Experimental Phase Equilibria Studies in the FeO-Fe2O3-CaO-Al2O3 System in Air

The CaO·3(Al,Fe)2O3, (C(A,F)3), phase forms a solid solution in the FeO-Fe2O3-CaO-Al2O3 system and is an end member of the SFCA (Silico-Ferrite of Calcium and Aluminum) suite of solid solutions observed in industrial iron ore sinters. SFCA acts as a bonding phase in these sinter materials so an accurate description of the phase equilibria and thermodynamic properties of this phase can be used to assist in the design and operation of Fe-sintering and Fe-making processes. New experimental data are reported on the liquidus and sub-liquidus phase equilibria in the iron-rich region of the FeO-Fe2O3-CaO-Al2O3 system in air. The study was undertaken using equilibration/quenching and microanalysis techniques enabling the compositions of the liquid and solid phases in equilibrium at high temperature to be directly and accurately measured. The compositional limits of the C(A,F)3 phase and associations with the primary phase fields of CA [CaO·(Al,Fe)2O3], CA2 [CaO·2(Al,Fe)2O3], CA6 [CaO·6(Al,Fe)2O3], Hematite [(Fe,Al)2O3], Spinel [(Fe,Ca)O·(Fe,Al)2O3)], C2F [2CaO·(Fe,Al)2O3], C2F3A (2CaO·3Fe2O3·Al2O3), CF [CaO·(Fe,Al)2O3], and CF2 [CaO·2(Fe,Al)2O3] have been determined in the high-iron, low-melting temperature region of the system.
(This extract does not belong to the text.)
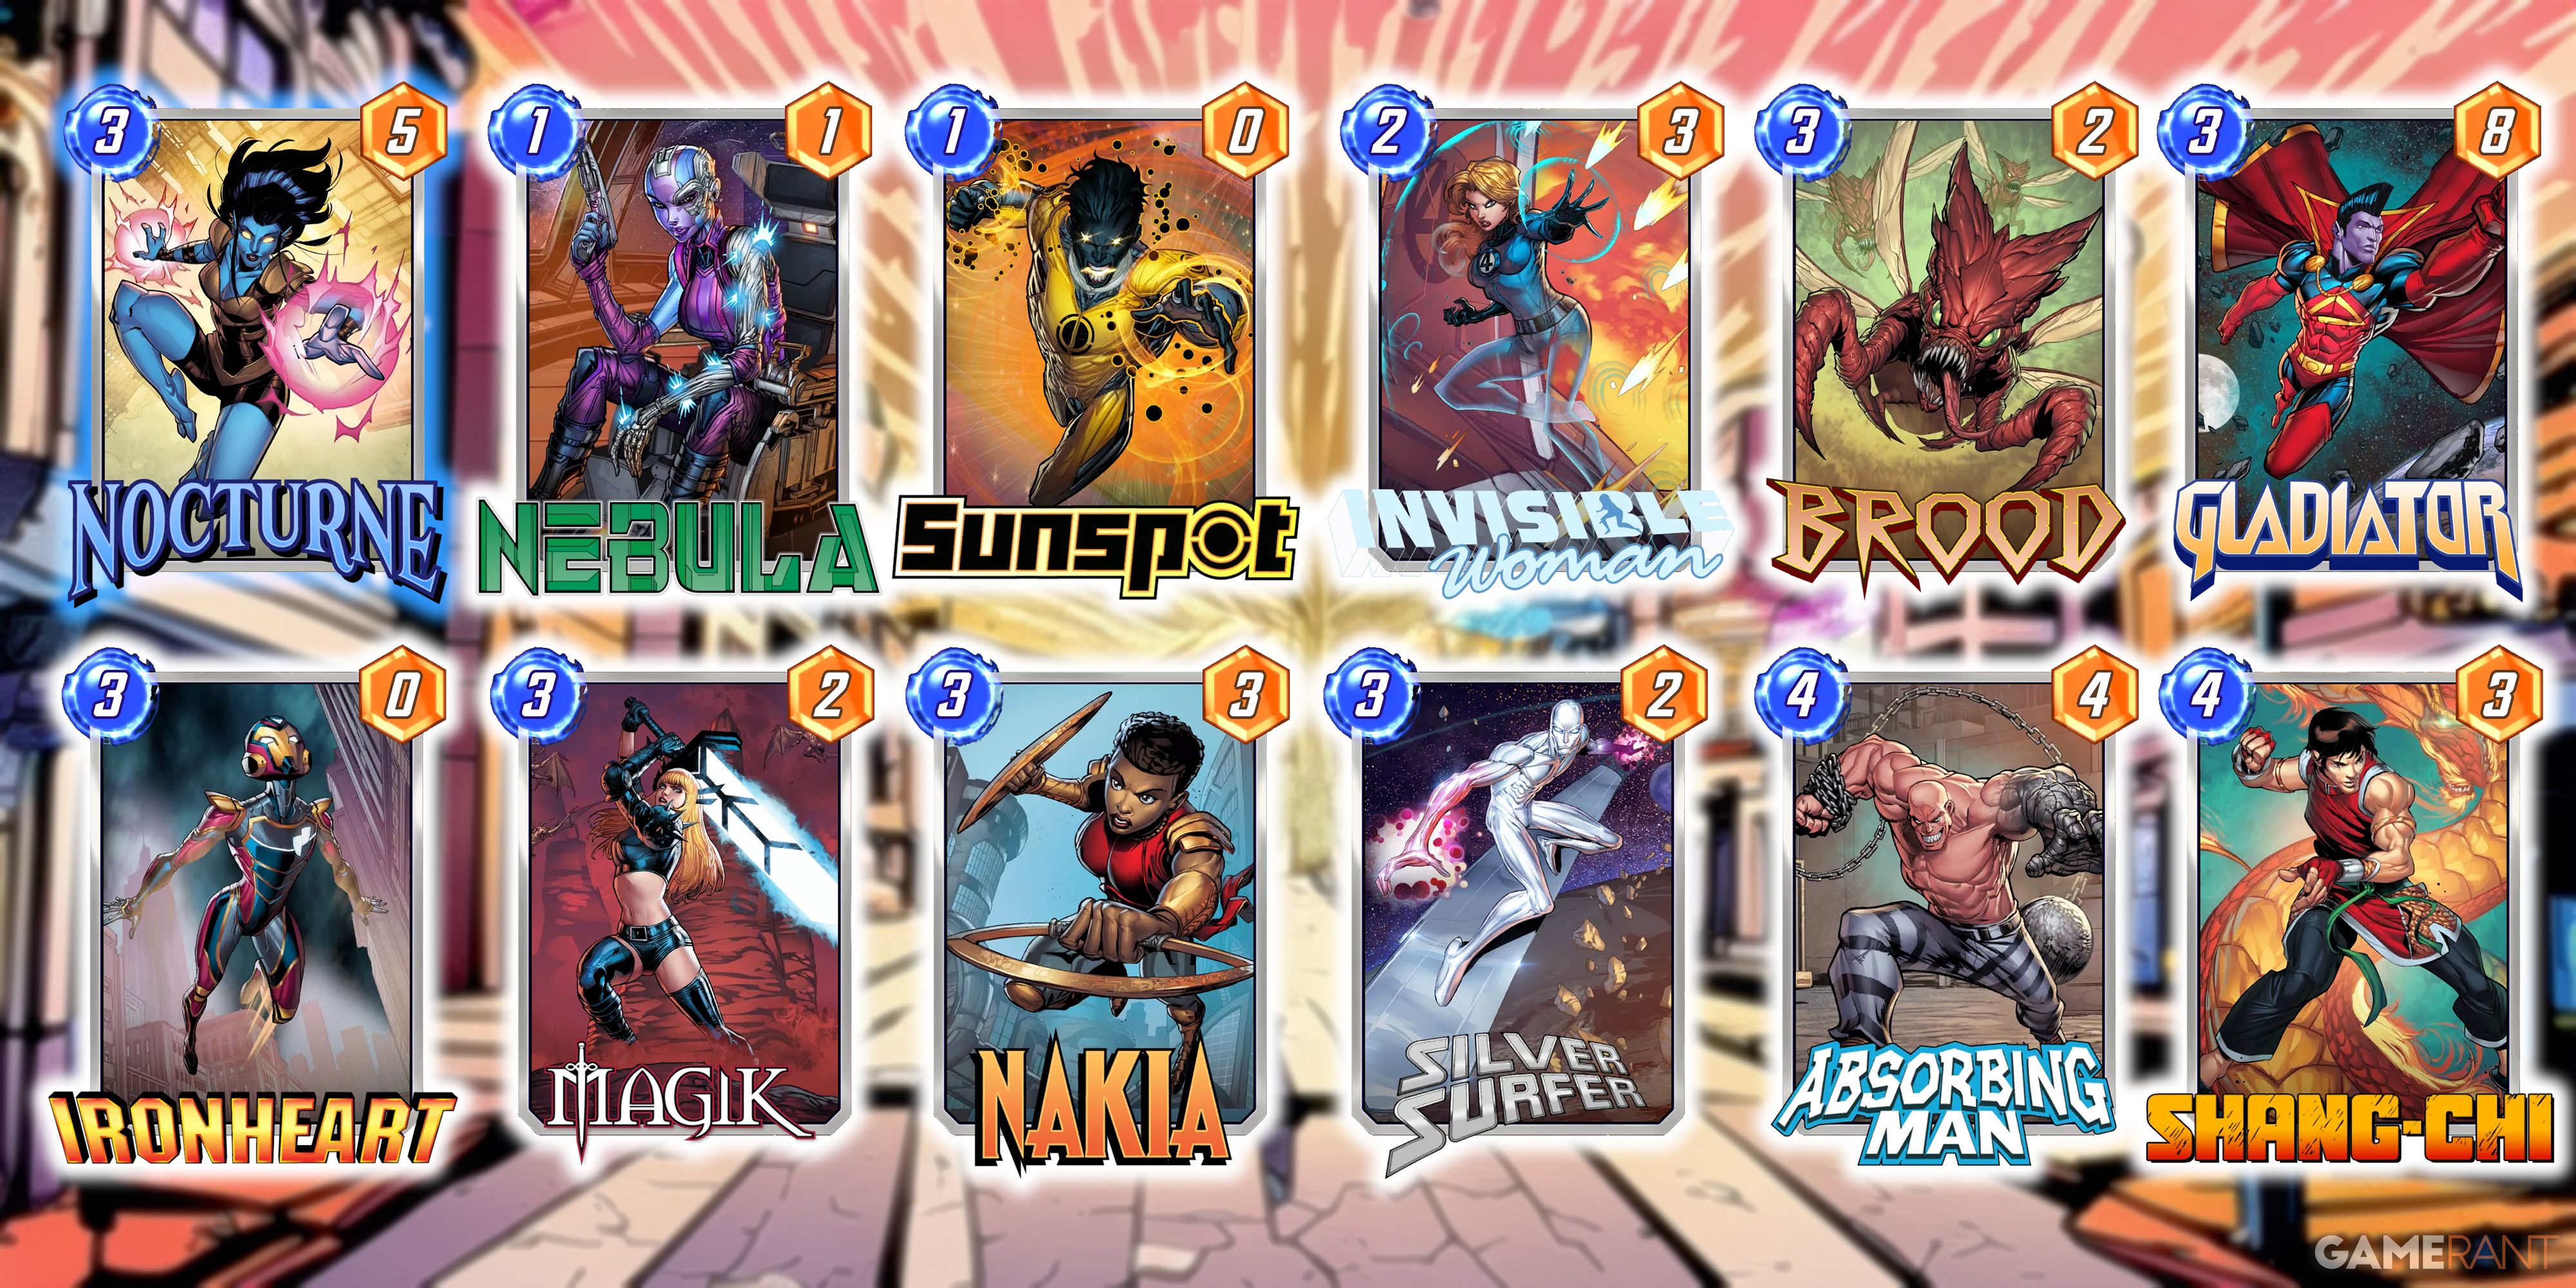 Marvel Snap deck comprised of Nocturne, Nebula, Sunspot, Invisible Woman, Brood, Gladiator, Ironheart, Magik, Nakia, Silver Surfer, Absorbing Man, and Shang-Chi.

The C(A,F)3 is found to be stable over a wide range of temperatures (1213 °C to 1400 °C) and alumina compositions (3.3 to 33.6 mol pct AlO1.5). The solid-phase C2F3A (2CaO·3Fe2O3·Al2O3), which is isostructural to SFCA-I indicated by previous researchers, has been found to be stable up to 1225 °C in the FeO-Fe2O3-CaO-Al2O3 system in air.